TRAVELLERS flying into Tehran were recently denied their usual view of the sprawling metropolis and its majestic mountain backdrop. Instead they found themselves staring into a thick brown haze. Somewhere down in the murk a lot of old people and asthmatics were dying.

Shielded from the cleansing winds by the Alborz massif, teeming with cars and encircled by cement factories and power stations, Tehran has long been notorious for pollution, particularly during dry winters of still air such as this year’s. But air quality has recently been worse, for longer, than ever before.

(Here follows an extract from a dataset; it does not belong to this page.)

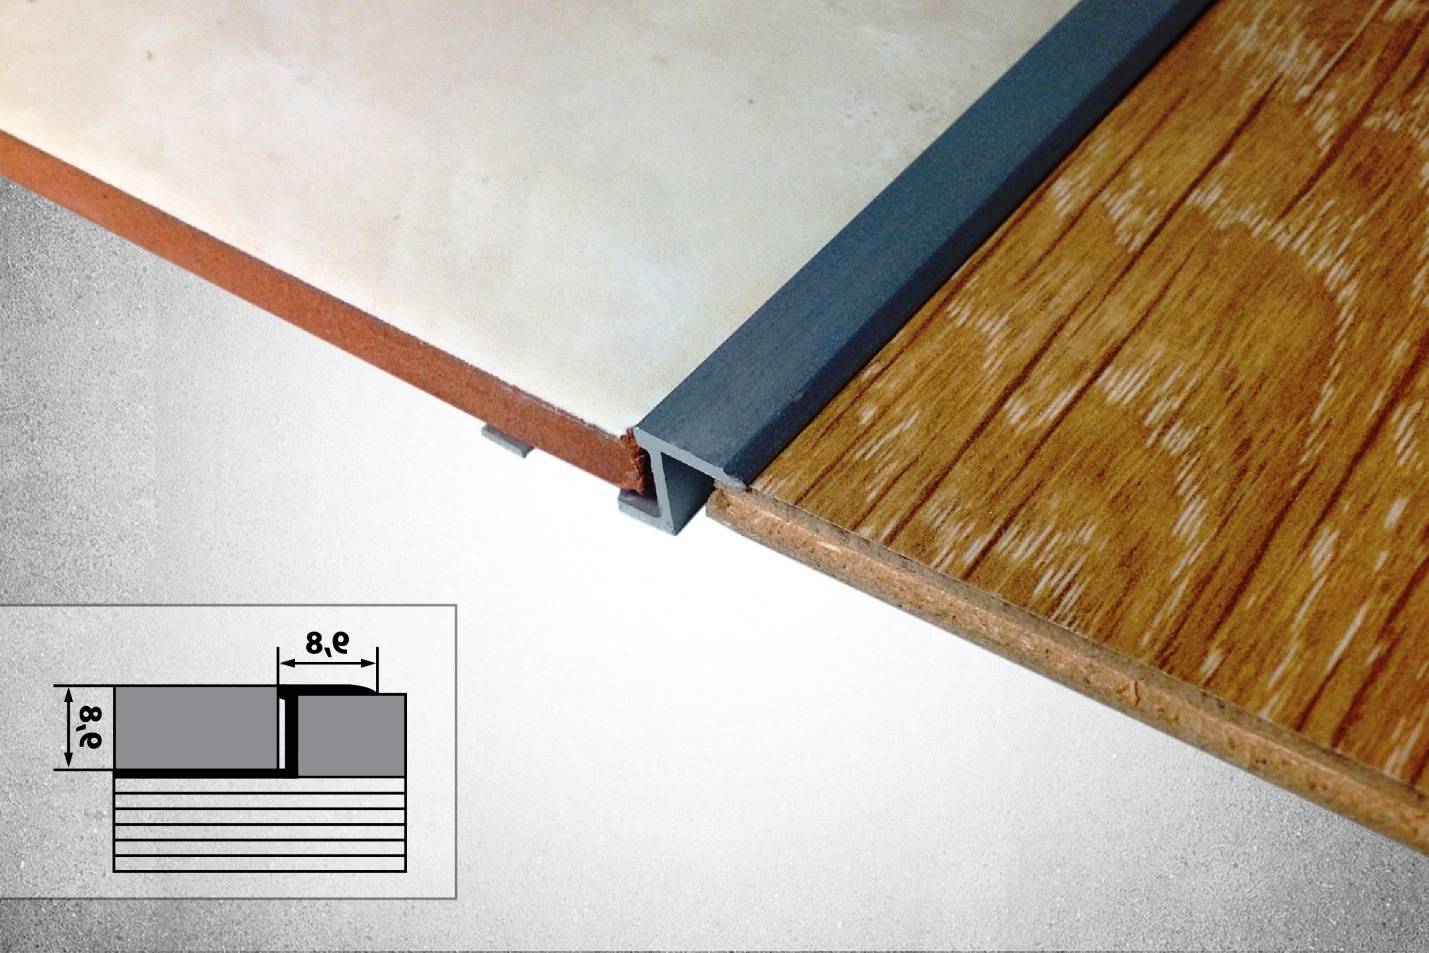 Стык между плиткой и ламинатом: правила комбинирования, пошаговая инструкция стыковки без порожка

A Tehran city councillor recently claimed for his capital nothing less than a “new world record” in air pollution.

A leaked statistic from the health ministry said that 3,600 people had died from air pollution in Tehran in the first nine months of the year. At the peak of the latest crisis, hospital admissions were said to have risen by at least a third and the corridors of local clinics were full of wheezing old people and pregnant women waiting for oxygen.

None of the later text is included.